Accra, June 14, GNA - The International Metalworkers' Federation has reiterated its call to governments to ban the manufacture and the use of asbestos because it kills about 100,000 people each year.
The Federation said governments could do that through the ratification and implementation of the International Convention adopted by the International Labour Organisation in 1986 calling for the global ban of the product. Mr Napoleon Kpoh, General Secretary of Industrial and Commercial Workers Union (ICU), who was briefing newsmen in Accra on Tuesday on his return from Vienna where the Federation of 850 members embracing 177 countries passed a resolution calling for the ban of asbestos. He said the conference noted that millions of workers were exposed to asbestos and its fibres which killed more than 100,000 people each year because certain employers and governments persist in using the substance, despite a number of safer alternatives being available.

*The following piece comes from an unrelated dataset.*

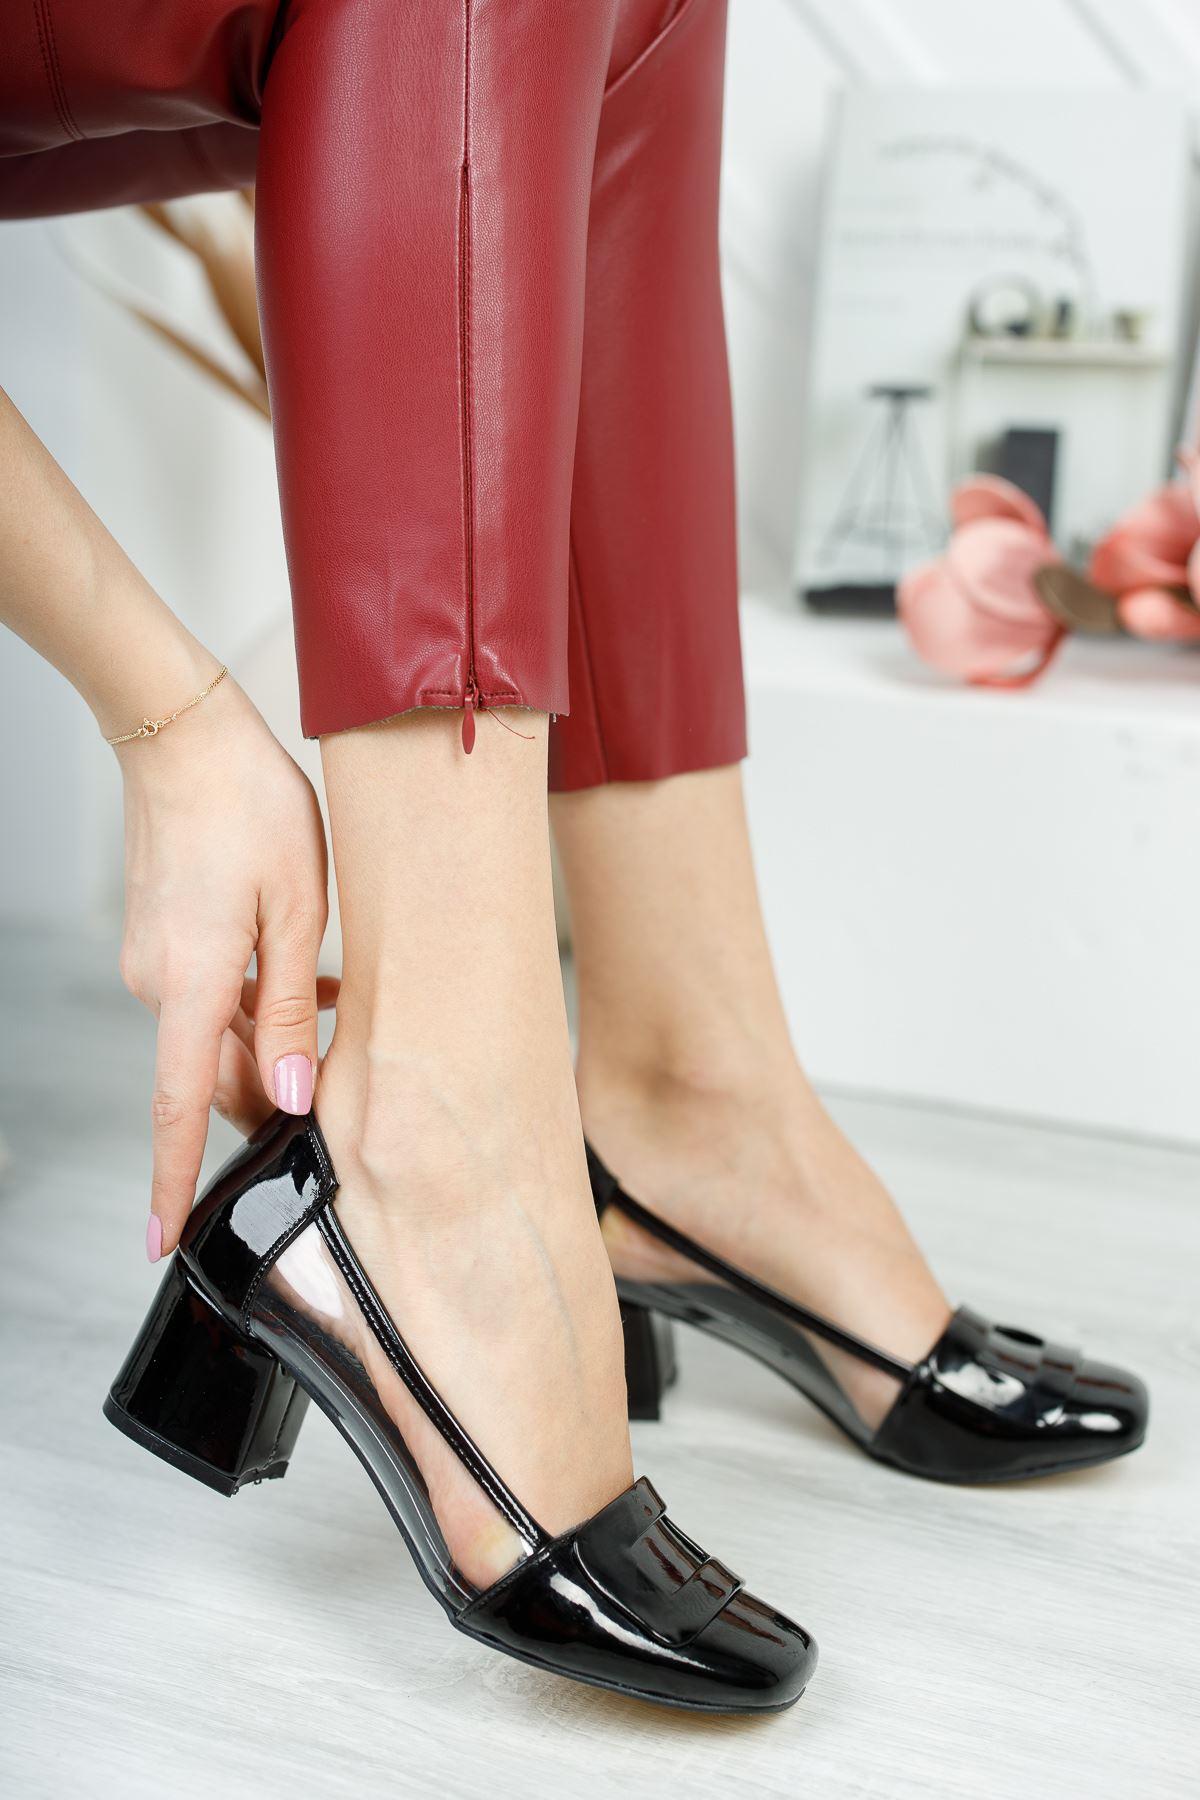 Rindek Lüks Siyah Rugan Şeffaf Detay Yüksek Topuk Kadın Ayakkabı
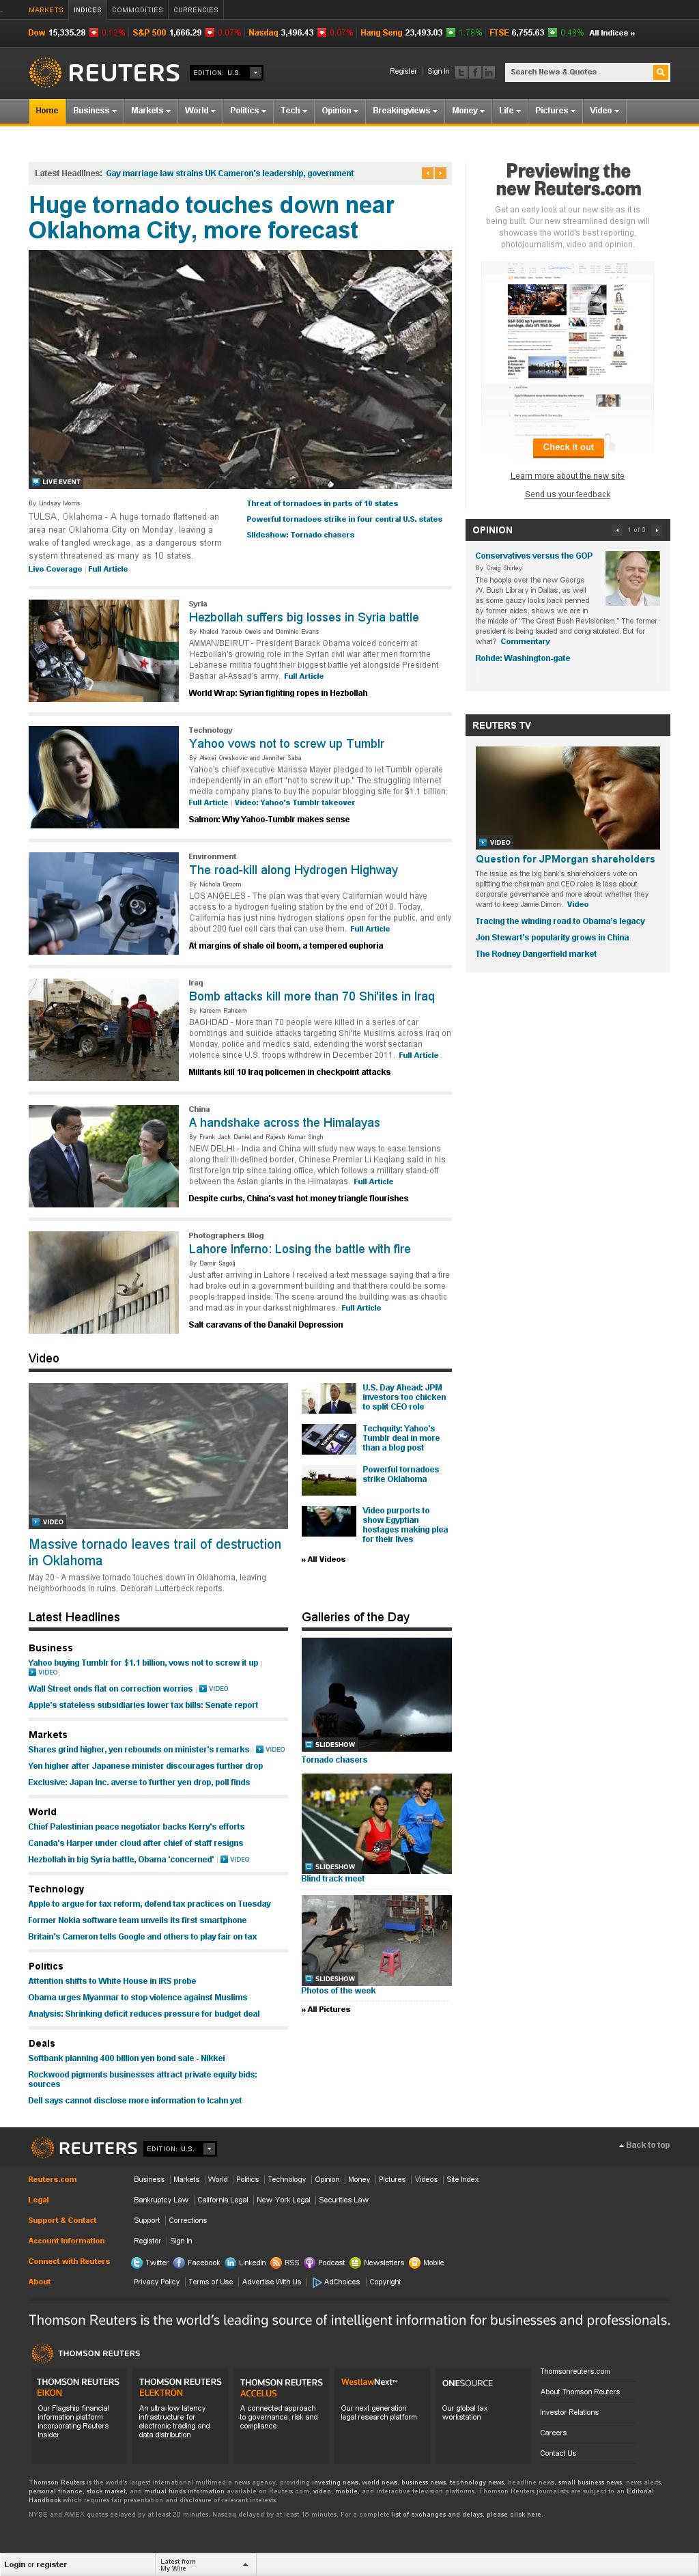 Reuters at Monday May 20, 2013, 10:20 p.m. UTC

Quoting from International Monetary Fund (IMF) Report, Mr Kpoh said, "It has taken three decades of continual effort and the emergence of suitable alternative substances for a comprehensive ban on the manufacture and use of asbestos to be adopted in a number of industrialised countries." The Report said the reluctance of some governments to acknowledge the risks associated with asbestos use even extended to their refusal to accept international conventions and guides that, although not as comprehensive as a ban, provide some minimum standards. It said despite the continued controversy surrounding the use of asbestos, demand appears to have expanded in 2003, enabling world production to increase by 5.4 per cent over 2002.
Mr Kpoh said many governments appeared to be in no hurry to ratify and implement the convention and that out of ILO's 177 member states only 27 have ratified the convention. Asbestos can cause cancer in humans because it has microscopic daggers and when inhaled, lodge into lung tissue and "the body's defences cannot break them down, so increased or prolonged exposure can cause a build up of fibres, which work their way deeper into the lungs."
According to the Report, "Inhalation of asbestos fibres could lead to serious diseases such as lung cancer, mesothelioma (a cancer of the lining of the lungs or lower digestive tract) and asbestosis (a chronic fibrosis of the lungs.) Mr Kpoh said ironically some developed countries have banned the use of asbestos in their countries yet they were marketing it in developing countries. He said if the substance was banned there were sufficient safe substitute to replace it and ILO has directed that workers who would be out of job should be absorbed in other productive areas that would include social protection as well.